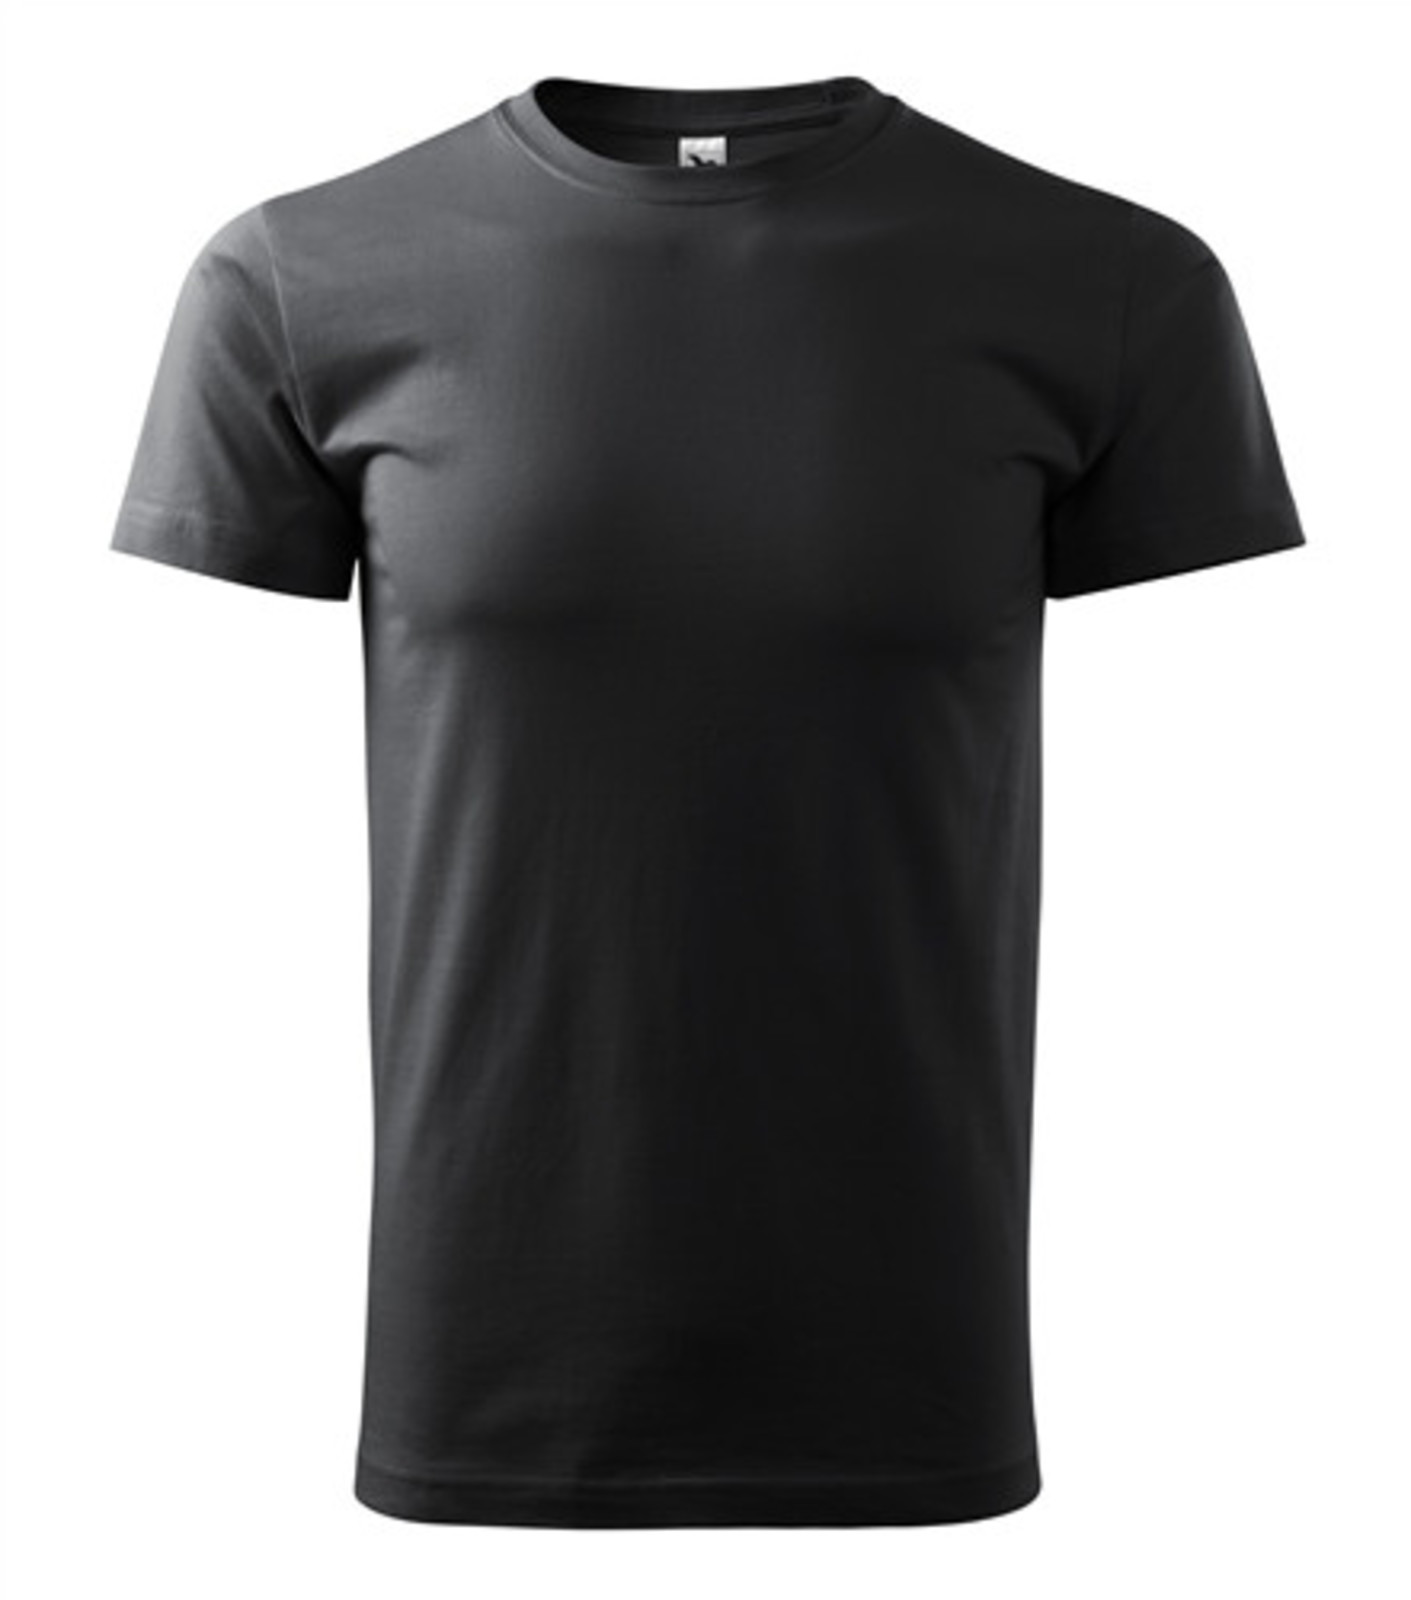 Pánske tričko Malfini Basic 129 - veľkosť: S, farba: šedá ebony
---
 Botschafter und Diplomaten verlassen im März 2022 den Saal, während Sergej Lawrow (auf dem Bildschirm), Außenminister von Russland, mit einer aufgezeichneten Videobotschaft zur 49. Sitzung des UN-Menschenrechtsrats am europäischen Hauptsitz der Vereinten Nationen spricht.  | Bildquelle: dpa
...
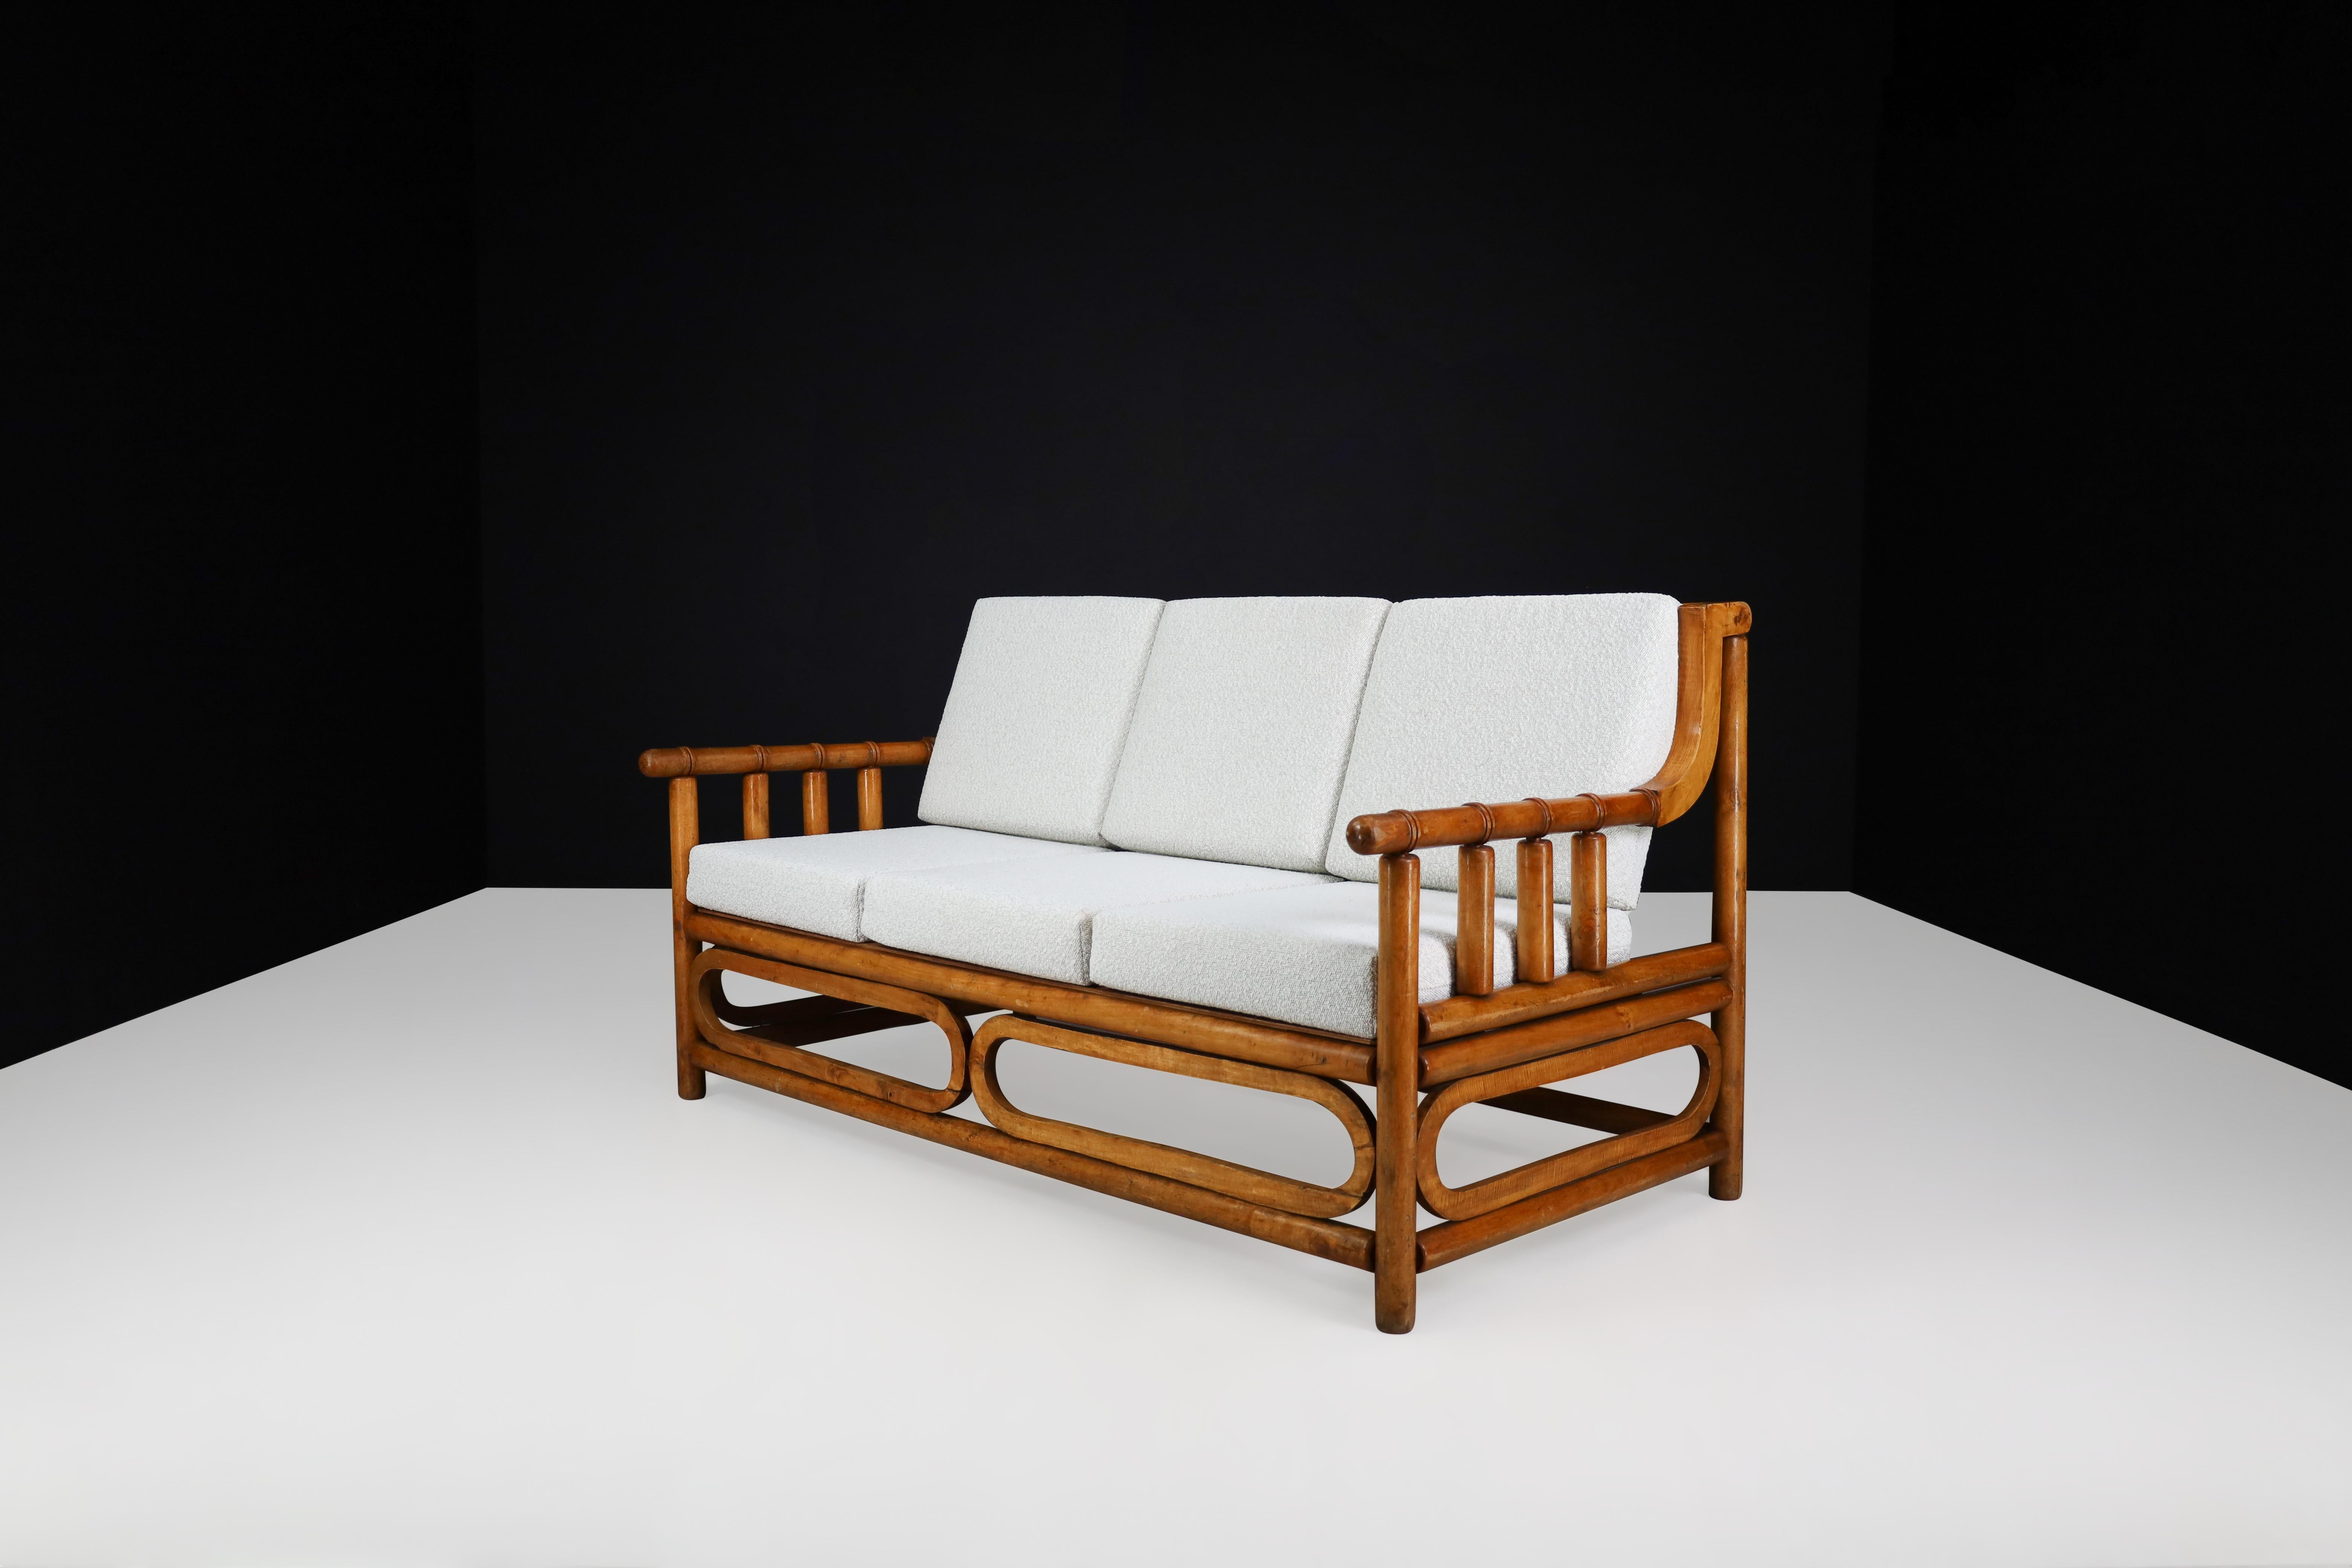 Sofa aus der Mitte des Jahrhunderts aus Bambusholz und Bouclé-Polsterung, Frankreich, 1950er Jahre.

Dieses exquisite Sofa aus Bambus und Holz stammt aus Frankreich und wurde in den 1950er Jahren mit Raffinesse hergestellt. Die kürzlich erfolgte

(WORK TASK)
Look above for the line containing "Sofa aus der" and the line containing "Dieses exquisite Sofa", then reproduce both and everything between them exactly, pictures omitted.

(ANSWER TO THIS TASK)
 Sofa aus der Mitte des Jahrhunderts aus Bambusholz und Bouclé-Polsterung, Frankreich, 1950er Jahre.

Dieses exquisite Sofa aus Bambus und Holz stammt aus Frankreich und wurde in den 1950er Jahren mit Raffinesse hergestellt. Die kürzlich erfolgte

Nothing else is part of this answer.